- [Stored items from a collection]:
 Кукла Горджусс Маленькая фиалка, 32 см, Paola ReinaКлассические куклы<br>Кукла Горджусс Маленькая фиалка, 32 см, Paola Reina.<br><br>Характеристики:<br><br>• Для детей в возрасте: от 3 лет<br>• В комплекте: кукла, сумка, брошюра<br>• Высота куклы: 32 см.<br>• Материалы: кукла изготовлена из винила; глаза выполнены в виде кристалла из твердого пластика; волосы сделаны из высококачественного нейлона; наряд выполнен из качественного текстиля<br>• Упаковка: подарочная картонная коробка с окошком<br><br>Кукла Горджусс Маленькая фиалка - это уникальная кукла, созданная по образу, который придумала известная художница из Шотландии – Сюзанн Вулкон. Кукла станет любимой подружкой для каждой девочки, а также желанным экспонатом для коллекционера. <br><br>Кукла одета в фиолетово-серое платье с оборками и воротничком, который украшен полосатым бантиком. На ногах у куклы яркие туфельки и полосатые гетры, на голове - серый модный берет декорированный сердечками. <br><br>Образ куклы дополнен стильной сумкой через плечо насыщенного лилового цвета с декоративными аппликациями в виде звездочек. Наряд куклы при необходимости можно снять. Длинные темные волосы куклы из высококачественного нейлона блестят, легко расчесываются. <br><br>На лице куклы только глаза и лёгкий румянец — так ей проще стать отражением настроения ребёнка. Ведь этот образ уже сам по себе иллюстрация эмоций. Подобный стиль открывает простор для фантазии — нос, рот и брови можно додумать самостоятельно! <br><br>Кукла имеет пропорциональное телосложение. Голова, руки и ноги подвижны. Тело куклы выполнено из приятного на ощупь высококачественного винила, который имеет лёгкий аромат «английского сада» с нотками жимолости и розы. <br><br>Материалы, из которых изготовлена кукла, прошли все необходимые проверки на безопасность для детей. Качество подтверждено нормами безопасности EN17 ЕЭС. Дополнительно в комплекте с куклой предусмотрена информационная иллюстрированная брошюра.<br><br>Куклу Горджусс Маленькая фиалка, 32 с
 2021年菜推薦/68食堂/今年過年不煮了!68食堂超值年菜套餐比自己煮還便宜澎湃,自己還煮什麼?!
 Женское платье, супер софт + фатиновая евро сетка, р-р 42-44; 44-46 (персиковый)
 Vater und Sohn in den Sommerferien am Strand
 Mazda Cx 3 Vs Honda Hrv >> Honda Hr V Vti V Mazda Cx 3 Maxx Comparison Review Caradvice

- [Required work]: Top to bottom, transcribe every line above exactly.

- [Your solution]:
 Кукла Горджусс Маленькая фиалка, 32 см, Paola ReinaКлассические куклы<br>Кукла Горджусс Маленькая фиалка, 32 см, Paola Reina.<br><br>Характеристики:<br><br>• Для детей в возрасте: от 3 лет<br>• В комплекте: кукла, сумка, брошюра<br>• Высота куклы: 32 см.<br>• Материалы: кукла изготовлена из винила; глаза выполнены в виде кристалла из твердого пластика; волосы сделаны из высококачественного нейлона; наряд выполнен из качественного текстиля<br>• Упаковка: подарочная картонная коробка с окошком<br><br>Кукла Горджусс Маленькая фиалка - это уникальная кукла, созданная по образу, который придумала известная художница из Шотландии – Сюзанн Вулкон. Кукла станет любимой подружкой для каждой девочки, а также желанным экспонатом для коллекционера. <br><br>Кукла одета в фиолетово-серое платье с оборками и воротничком, который украшен полосатым бантиком. На ногах у куклы яркие туфельки и полосатые гетры, на голове - серый модный берет декорированный сердечками. <br><br>Образ куклы дополнен стильной сумкой через плечо насыщенного лилового цвета с декоративными аппликациями в виде звездочек. Наряд куклы при необходимости можно снять. Длинные темные волосы куклы из высококачественного нейлона блестят, легко расчесываются. <br><br>На лице куклы только глаза и лёгкий румянец — так ей проще стать отражением настроения ребёнка. Ведь этот образ уже сам по себе иллюстрация эмоций. Подобный стиль открывает простор для фантазии — нос, рот и брови можно додумать самостоятельно! <br><br>Кукла имеет пропорциональное телосложение. Голова, руки и ноги подвижны. Тело куклы выполнено из приятного на ощупь высококачественного винила, который имеет лёгкий аромат «английского сада» с нотками жимолости и розы. <br><br>Материалы, из которых изготовлена кукла, прошли все необходимые проверки на безопасность для детей. Качество подтверждено нормами безопасности EN17 ЕЭС. Дополнительно в комплекте с куклой предусмотрена информационная иллюстрированная брошюра.<br><br>Куклу Горджусс Маленькая фиалка, 32 с
 2021年菜推薦/68食堂/今年過年不煮了!68食堂超值年菜套餐比自己煮還便宜澎湃,自己還煮什麼?!
 Женское платье, супер софт + фатиновая евро сетка, р-р 42-44; 44-46 (персиковый)
 Vater und Sohn in den Sommerferien am Strand
 Mazda Cx 3 Vs Honda Hrv >> Honda Hr V Vti V Mazda Cx 3 Maxx Comparison Review Caradvice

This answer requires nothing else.